TASK OBJECTIVE: With pictures excluded, copy word for word the lines in the data below from the line containing "- Stock Image" through the line containing "General 3840x2160 digital".

EXERCISE DATA:
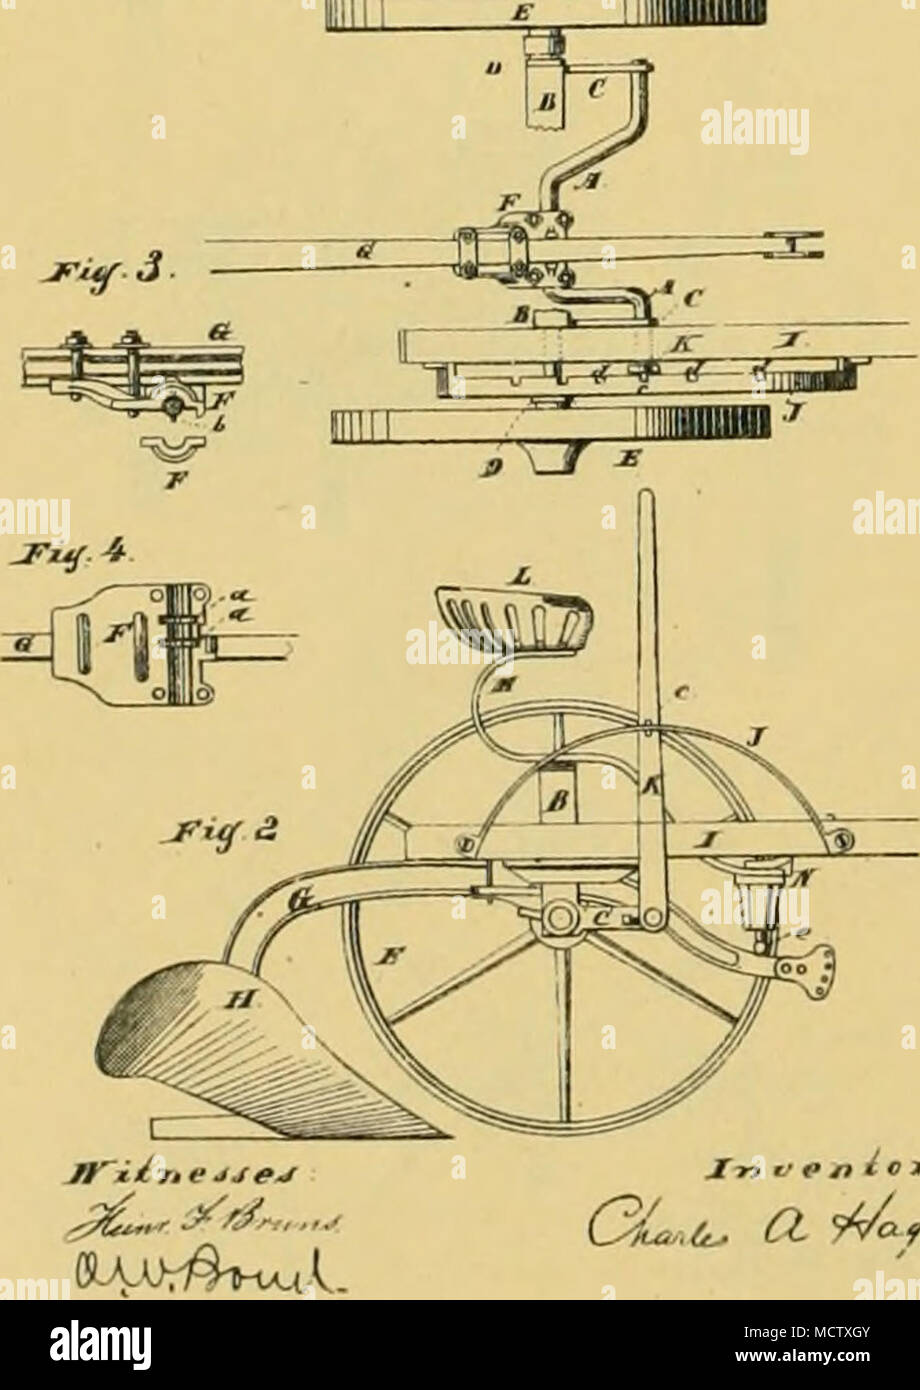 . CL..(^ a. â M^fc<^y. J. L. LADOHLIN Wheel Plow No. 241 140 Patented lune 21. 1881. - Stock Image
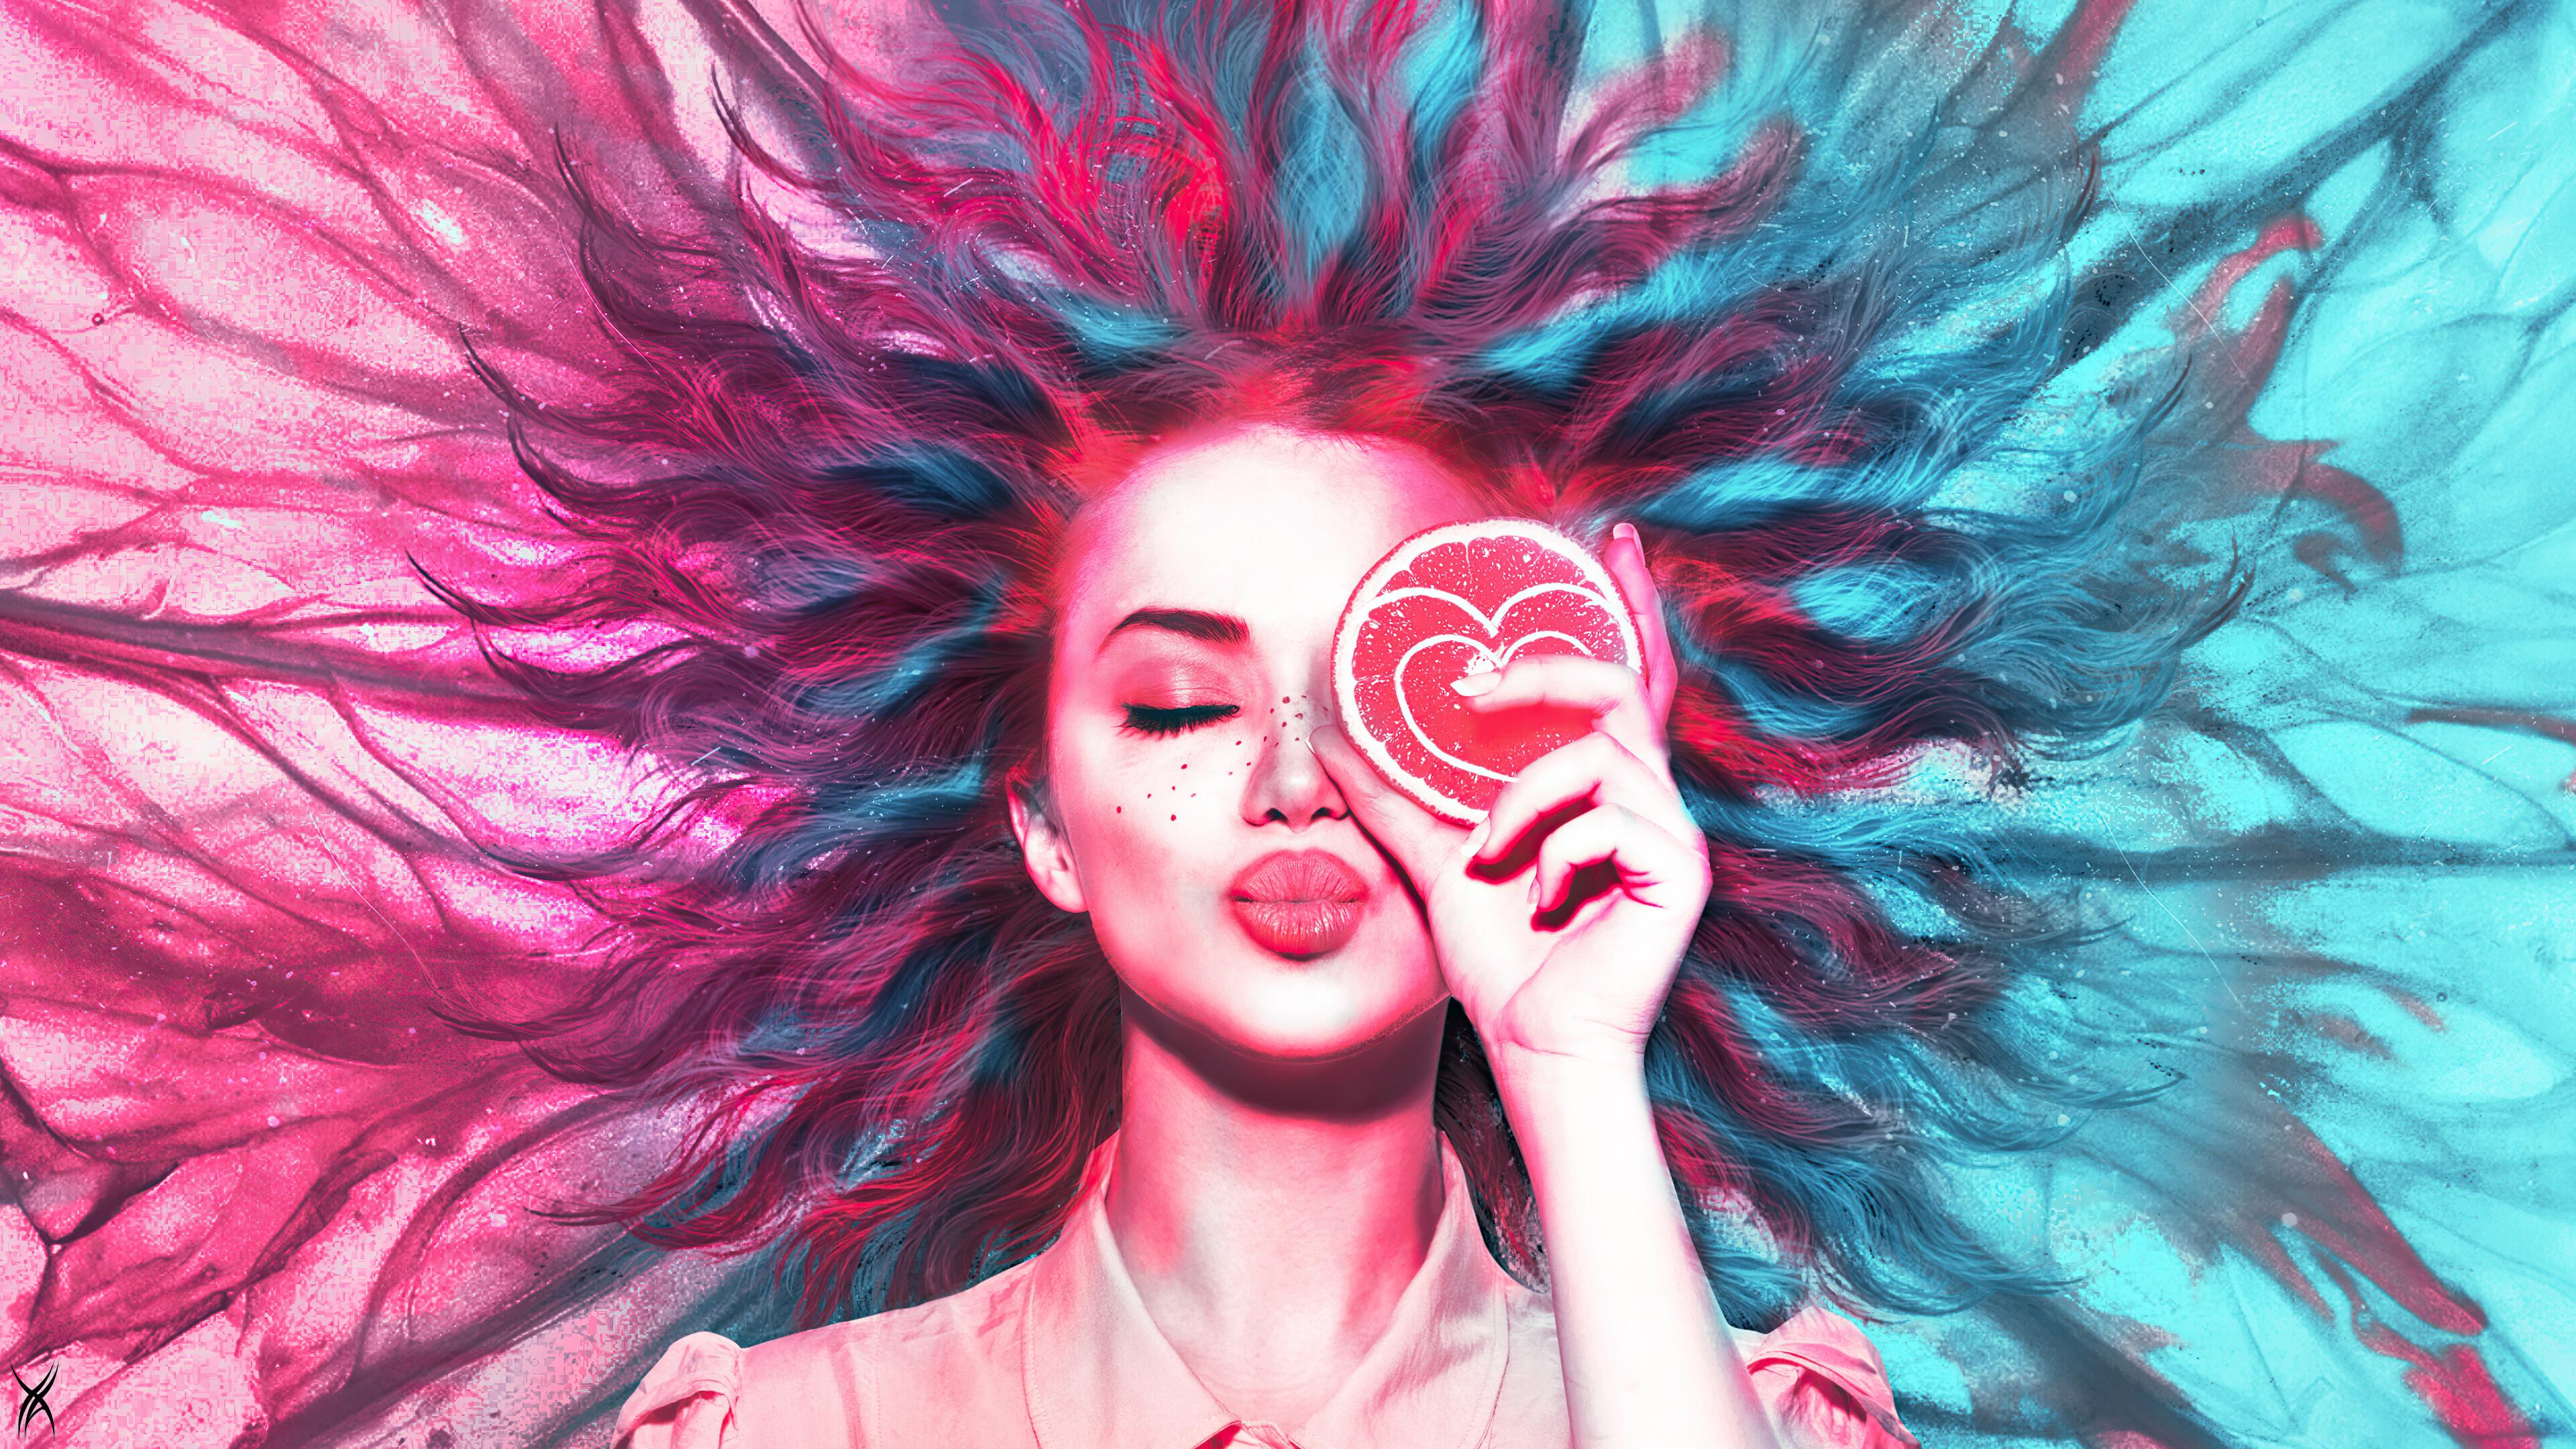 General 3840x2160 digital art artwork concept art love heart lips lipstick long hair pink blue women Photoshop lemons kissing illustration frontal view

--

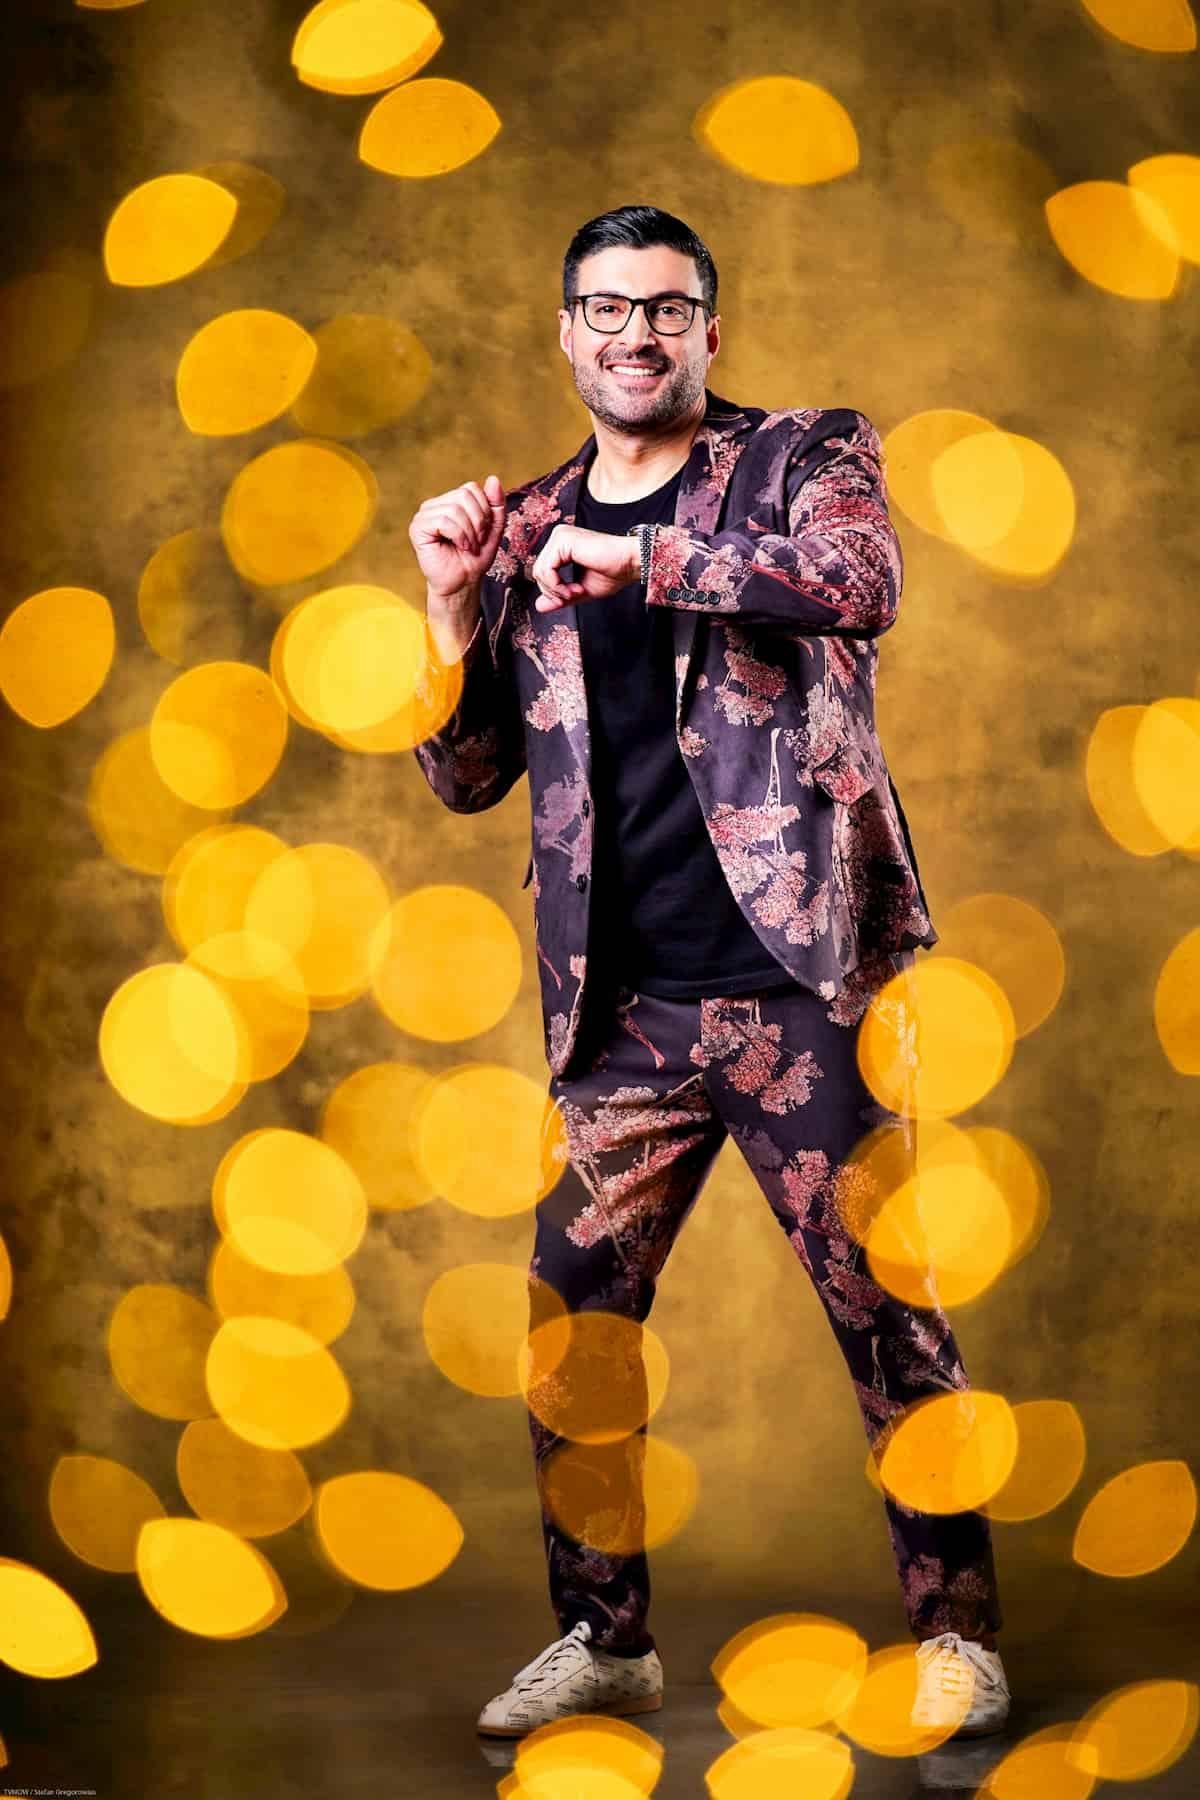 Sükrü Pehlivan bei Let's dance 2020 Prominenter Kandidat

ANSWER:
 . CL..(^ a. â M^fc<^y. J. L. LADOHLIN Wheel Plow No. 241 140 Patented lune 21. 1881. - Stock Image
 General 3840x2160 digital art artwork concept art love heart lips lipstick long hair pink blue women Photoshop lemons kissing illustration frontal view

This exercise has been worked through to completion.